Брызги шампанского. Дурные приметы. Победителей не судят — страница 127 из 151

— А по центру?

— По центру, старик, рюмочка. Только что вынул бутылку из морозилки и едва успел разлить, как рюмочка твоя с ног до головы подернулась не то инеем, не то изморозью… В общем, старик, она затуманилась. Знаешь, как туманятся глаза у красивых девушек в определенном состоянии…

— Знаю, — прервал друга Касьянин.

— Ты идешь?

— Да!

— Немедленно?

— Да! — повторил Касьянин и положил трубку.

Постоял, прислушиваясь к тому, что происходило у него за спиной. За спиной была тишина, но по грохоту тарелок он понял, что Марина суть разговора с Ухаловым разгадала во всех подробностях, осудила его, разочаровалась в нем, впала в состояние скорбное и осуждающее.

— Будете поддавать? — прокричала она с кухни.

— Обязательно, — ответил Касьянин, поморщившись. Не любил он, терпеть не мог отвечать на подобные вопросы. Они были для него не менее мучительны, чем утренние упреки в вечернем переборе.

— По какому поводу? — в голосе Марины зазвучала веселая злость.

— А какой бы ты предложила? — спросил Касьянин уже из прихожей, уже нащупывая в полумраке растоптанные свои босоножки, которые можно было надеть без помощи рук.

— Перебьетесь!

— Я тоже так думаю, — пробормотал Касьянин, справившись наконец с босоножками.

— А кто будет Яшку выгуливать?

— Степан справится и без меня.

— Что?! — Марина мгновенно преодолела расстояние из кухни до прихожей и возникла в проходе в позе гневной и воинственной — уперев кулаки в то место, где когда–то у нее была неплохая талия, во всяком случае, просматривалась. — Ты не слышал, что случилось на пустыре этой ночью?

— А что там случилось? — невинно спросил Касьянин, открывая дверь.

— Труп! Там нашли труп!

— Но ведь его уже увезли?

— Я не пущу ребенка на пустырь!

— Ладно, — устало согласился Касьянин. — Я не долго… Выгуляю.

— Я и тебя не пущу!

— Разберемся, — вздохнул Касьянин и плотно прикрыл за собой дверь.

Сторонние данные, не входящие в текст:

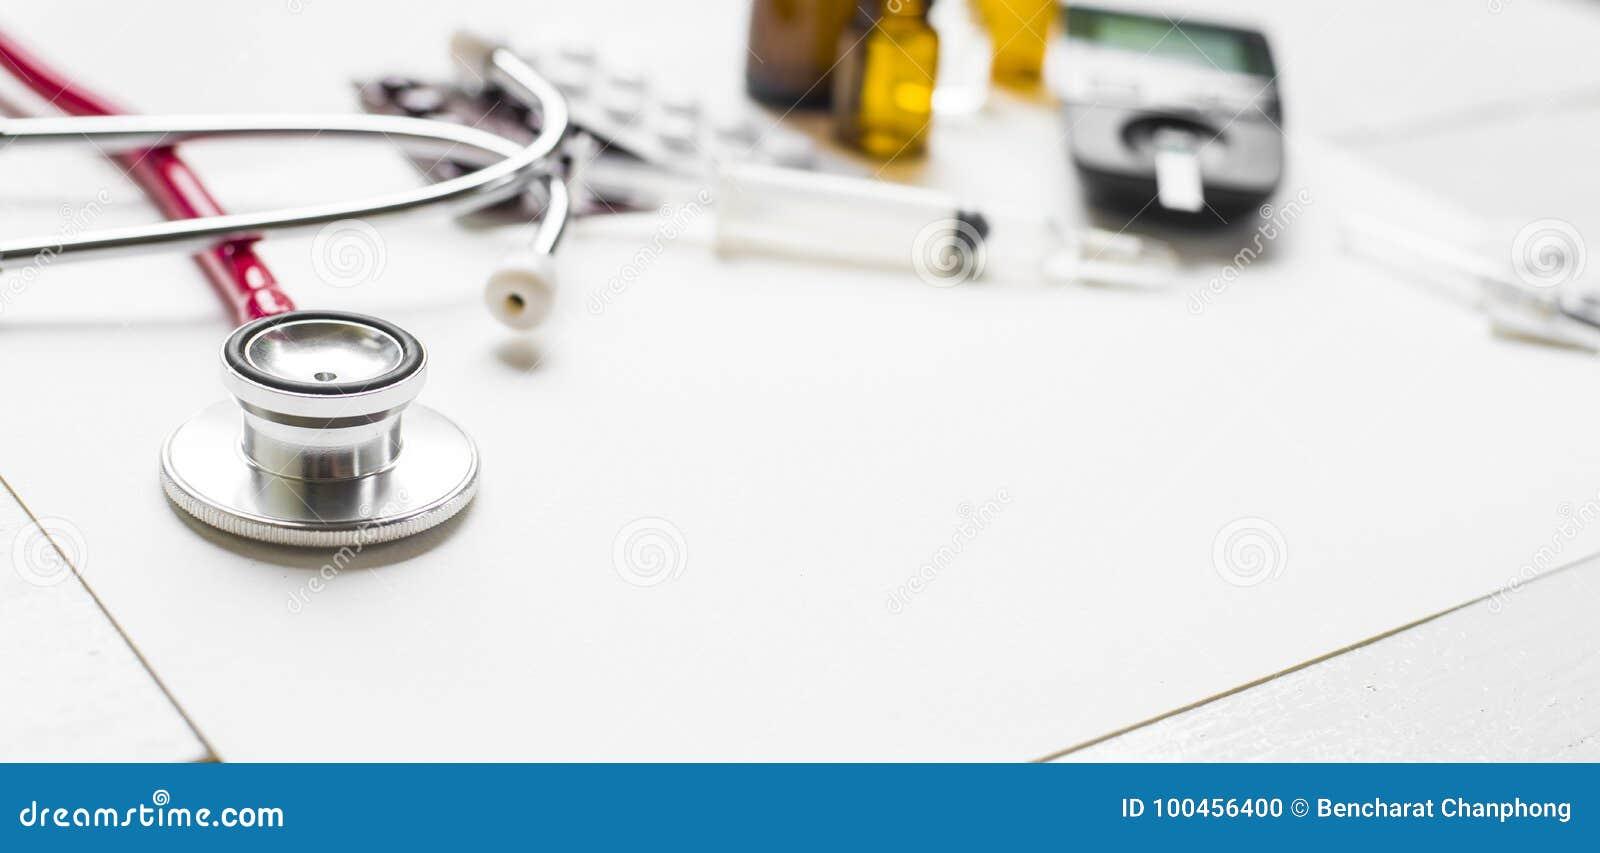 医学糖尿病广告和医疗保健概念

Постоял, выжидая, не рванется ли Марина вслед за ним, чтобы остановить, образумить, вернуть. Нет, не рванулась. — И на том спасибо, — пробормотал Касьянин и нажал прожженную сигаретами кнопку лифта. Что–то в глубинах дома вздрогнуло, напряглись, заскрипели невидимые канаты, и послышался гул приближающейся кабины.

Ухалов заранее открыл дверь, и Касьянин, едва выйдя из лифта, сразу ощутил запах жареной колбасы. Да, жареная колбаса была обычной закуской Ухалова. К ней обычно прилагались свежие помидоры, моченый перец нечеловеческой остроты и…

И все.

Так было и на этот раз.

Касьянин вошел, тщательно запер за собой дверь — с некоторых пор он во всем проявлял повышенную осторожность. И дверь потянул на себя не просто до щелчка, а еще и опустил кнопку замка, чтобы снаружи никто не мог войти, даже имея ключ.

Рюмки на столе действительно были запотевшими. Ухалов внес тарелку с колбасой, поставил ее на журнальный столик, сам упал в кресло и освобожденно вздохнул.

— Давай, старик! Давай! Все внутри пылает, все внутри горит!

— Марина спросила, по какому поводу встреча.

— Скажи своей Марине… Скажи своей Марине… Ты меня, конечно, старик, извини… Но твоя жена дура. Ты не обижаешься?

— Будем живы! — Касьянин поднял рюмку.

— Будем, старик, будем! — Ухалов выпил довольно объемистую стопку одним глотком, посидел неподвижно, привыкая к водке внутри себя, бросил в рот ломтик помидора и лишь после этого взглянул на гостя ясно и счастливо. — Представляешь, приезжает девица ко мне домой, привозит водку, вот эту самую, — он показал на бутылку российской «Смирновской», — и коробку каких–то отвратительных конфет. И говорит таковы слова… Я, говорит, приехала на такси, там водитель ждет, счетчик работает, поэтому вы, дорогой Михаил Александрович, это она меня так назвала, напишите мне быстренько рекомендацию в Союз писателей… Вот у меня книжечка вышла… И вручает мне книжечку… На обложке голая баба с совершенно бесстыдным взглядом. Какие–то эротические наставления.

Глядя на девицу, я сразу понял, что ее советам можно верить, поскольку все она испытала на собственной шкуре.

— И на шкуре все отразилось?

— Не все, конечно… Но синяк под глазом у нее был… Припудрен, правда, — Ухалов снова наполнил рюмки. — Честно говоря, в этой книге рекомендации не только эротического характера… Трупы, убийства, купания в ледяном водопаде, постельные дела… Тонкая эротика, переходящая в крутую порнографию с элементами садизма и мазохизма. Представляешь? Она решила, что это и есть настоящая художественная литература! Дожили!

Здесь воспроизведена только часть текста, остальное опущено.